The subtle face movements, eyebrow expression, everything seems to correctly infer how the face would articulate those specific words. When you think of how many decades something like this would be in the uncanny valley even with a team of trained people hand -tweaking the image and video, and this is doing it better in nearly every way, automatically, with just an image? Insane.

kromem@lemmy.world · edit-2 11 months ago

It’s pretty wild that this is the tech being produced by the trillion dollar company who has already been granted a patent on creating digital resurrections of dead people from the data they left behind.

So we now already have LLMs that could take what you said and say new things that seem like what you would have said, take a voice sample of you and create new voice synthesis of that text where it sounds a lot like you were actually saying it, and can take a photo of you and make a video where you legit look like you are saying that voice sample with facial expressions and all.

And this could be done for anyone who has a social media profile with a few dozen text posts, a profile photo, and a 15 second sample of their voice.

I really don’t get how every single person isn’t just having a daily existential crisis questioning the nature of their present reality given what’s coming.

Do people just think the current trends aren’t going to continue, or just don’t think about the notion that what happens in the future could in fact have been their own nonlocal past?

It reminds me of a millennia old saying by a group that were claiming we were copies in the images of original humans: “you do not know how to examine the present moment.”

Edit - bonus saying on the topic: “When you see your likeness, you are happy. But when you see your images that came into being before you and that neither die nor become visible, how much you will have to bear!”

11 months ago

And you can run it on a single 4090, that’s crazy.

mPony@lemmy.world · 11 months ago

uh, are graphics cards supposed to be 2500 bucks? (I play boardgames)

techt@lemmy.world · 11 months ago

Crypto did unfortunate things to the space.

11 months ago

What I don’t understand is why they didn’t go back down when crypto moved to proof of stake. Fuck AMD and Nvidia for price fixing.

antlion@lemmy.dbzer0.com · 11 months ago

Since it’s trained on celebrities, can it do ugly people or would it try to make them prettier in animation?

The teeth change sizes, which is kinda weird, but probably fixable.

It’s not too hard to notice for an up close face shot, but if it was farther away it might be hard - the intonation and facial expressions are spot on. They should use this to re-do all the digital faces in Star Wars.

venusaur@lemmy.world · 11 months ago

One photo? That’s incredible.

Wild Bill@midwest.social · 11 months ago

Yeah. Incredibly horrific.

T00l_shed@lemmy.world · 11 months ago

Yes I hate what AI is becoming capable of. Last year everyone was laughing at the shitty fingers, but were quickly moving past that. I’m concerned that in the near future it will be hard to tell truth from fiction.

BetaDoggo_@lemmy.world · 11 months ago

The “why would they make this” people don’t understand how important this type of research is. It’s important to show what’s possible so that we can be ready for it.
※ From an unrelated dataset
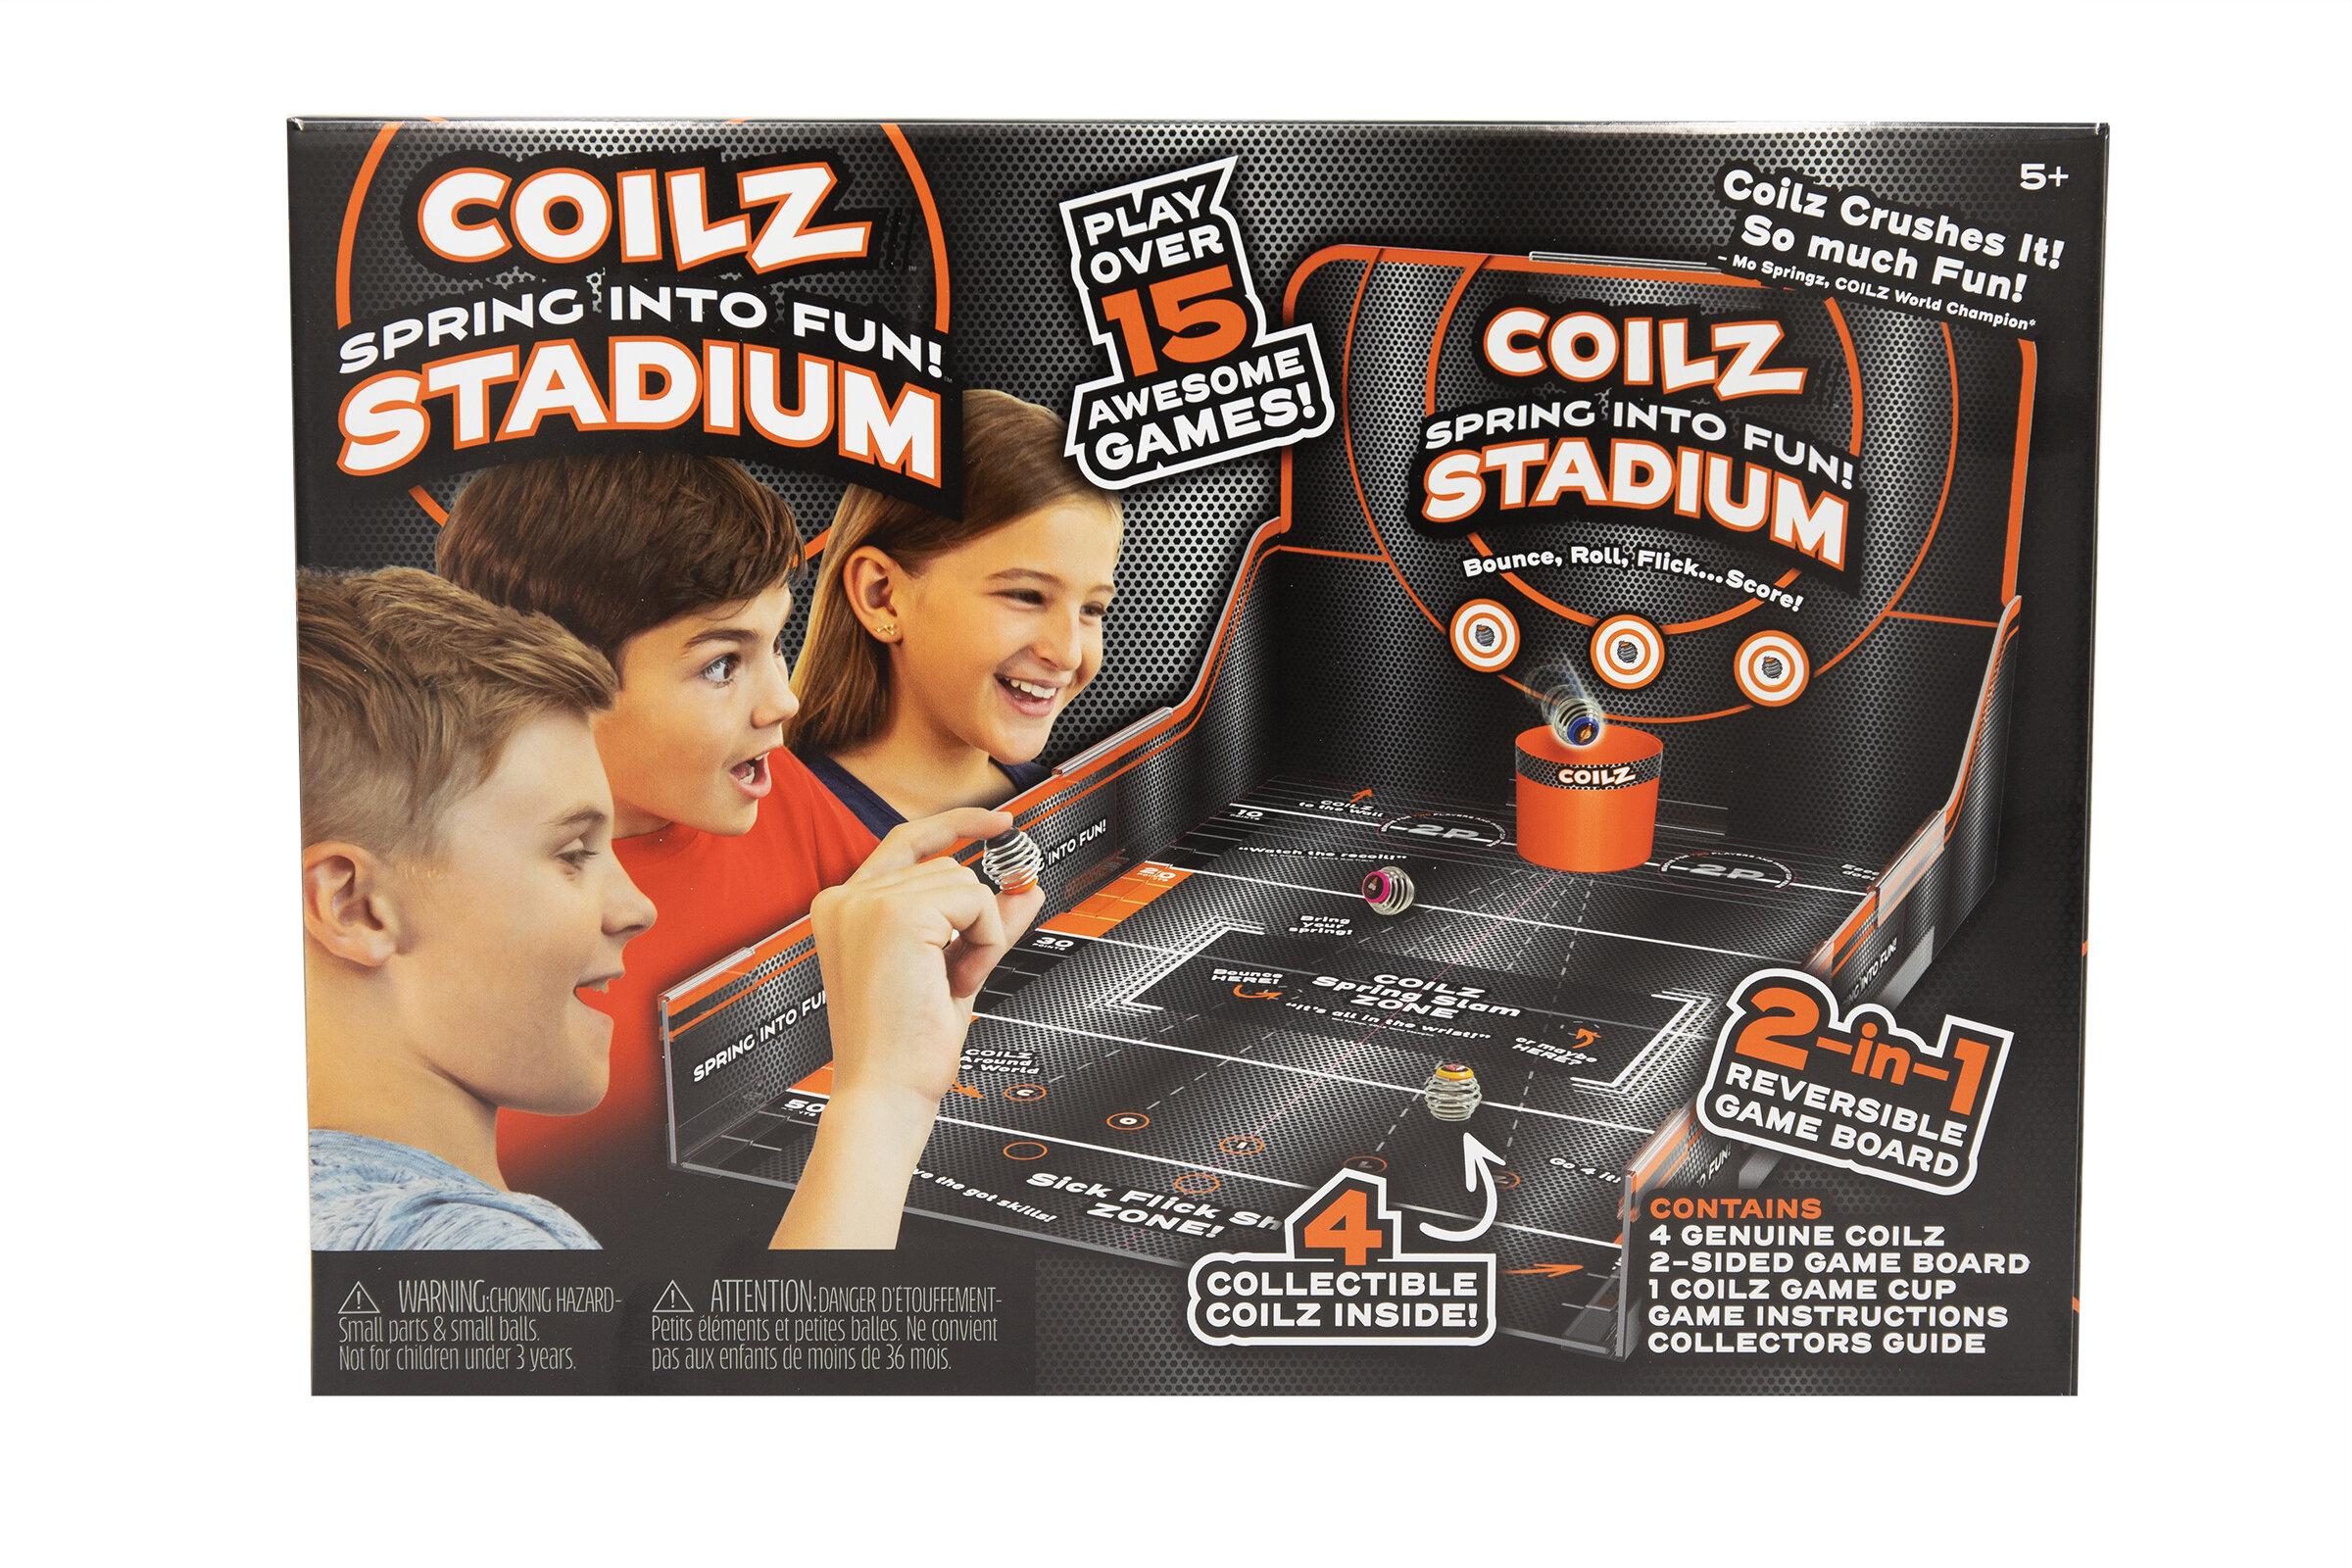 Coilz_Stadium_Package_1_-_hi-res.jpg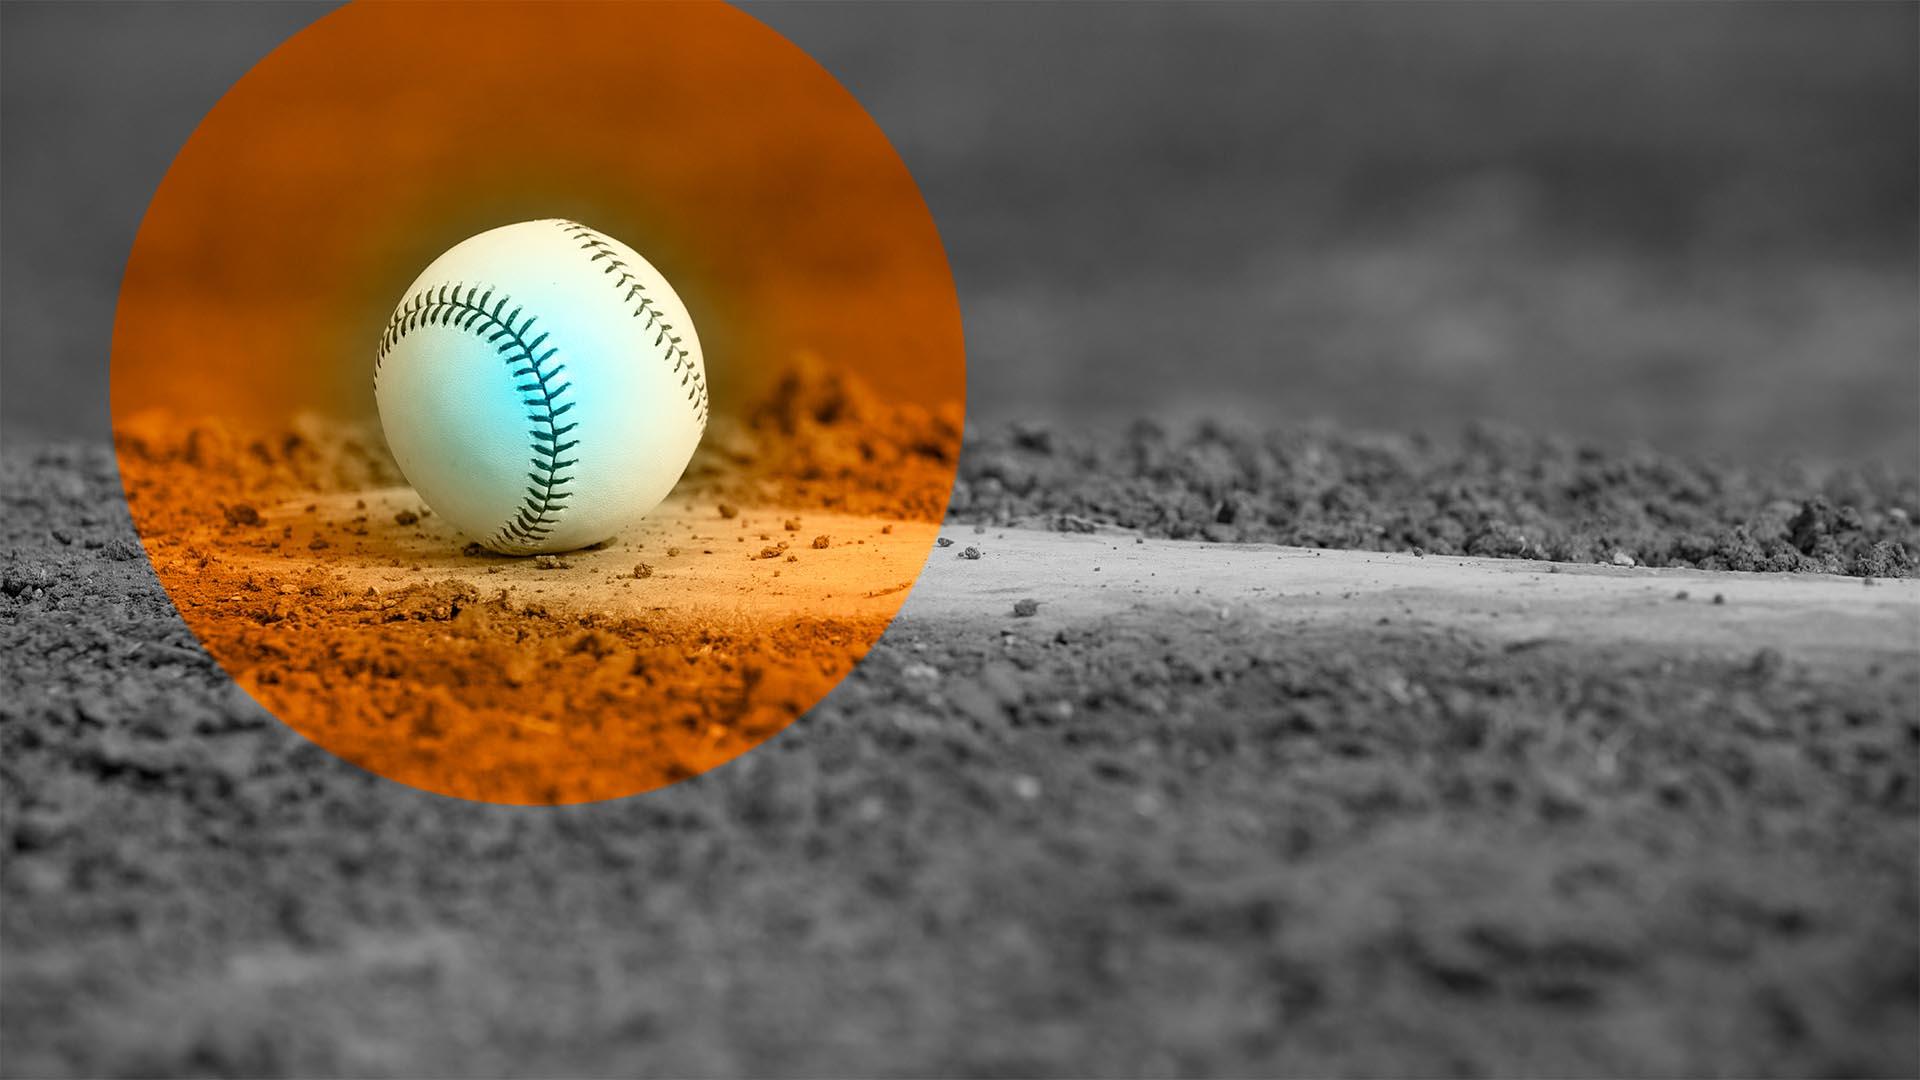 No quitarle la vista a la pelota, por Julio Castillo Sagarzazu

There are many bad actors already pursuing similar tools if they don’t have them already. The worst case is being blindsided by something not seen before.

spiderman@ani.social · 11 months ago

how important this type of research

I hope they also figure a way to find the bad actors who might use their tools for harmful purposes. You can’t just create something for “research” purposes like this and not find a way to stop bad actors using these for harmful purposes.

AnAnonymous@lemm.ee · 11 months ago

Paranoia vibes starting in 3, 2, 1…

I_Miss_Daniel@lemmy.world · 11 months ago

Feed it Microsoft Merlin. What will happen?

Jesus@lemmy.world · 11 months ago

Microsoft’s research teams always makes some pretty crazy stuff. The problem with Microsoft is that they absolutely suck at translating their lab work into consumer products. Their labs publications are an amazing archive of shit that MS couldn’t get out the door properly or on time. Example - multitouch gesture UIs.

As interesting as this is, I’ll bet MS just ends up using some tech that Open AI launches before MS’s bureaucratic product team can get their shit together.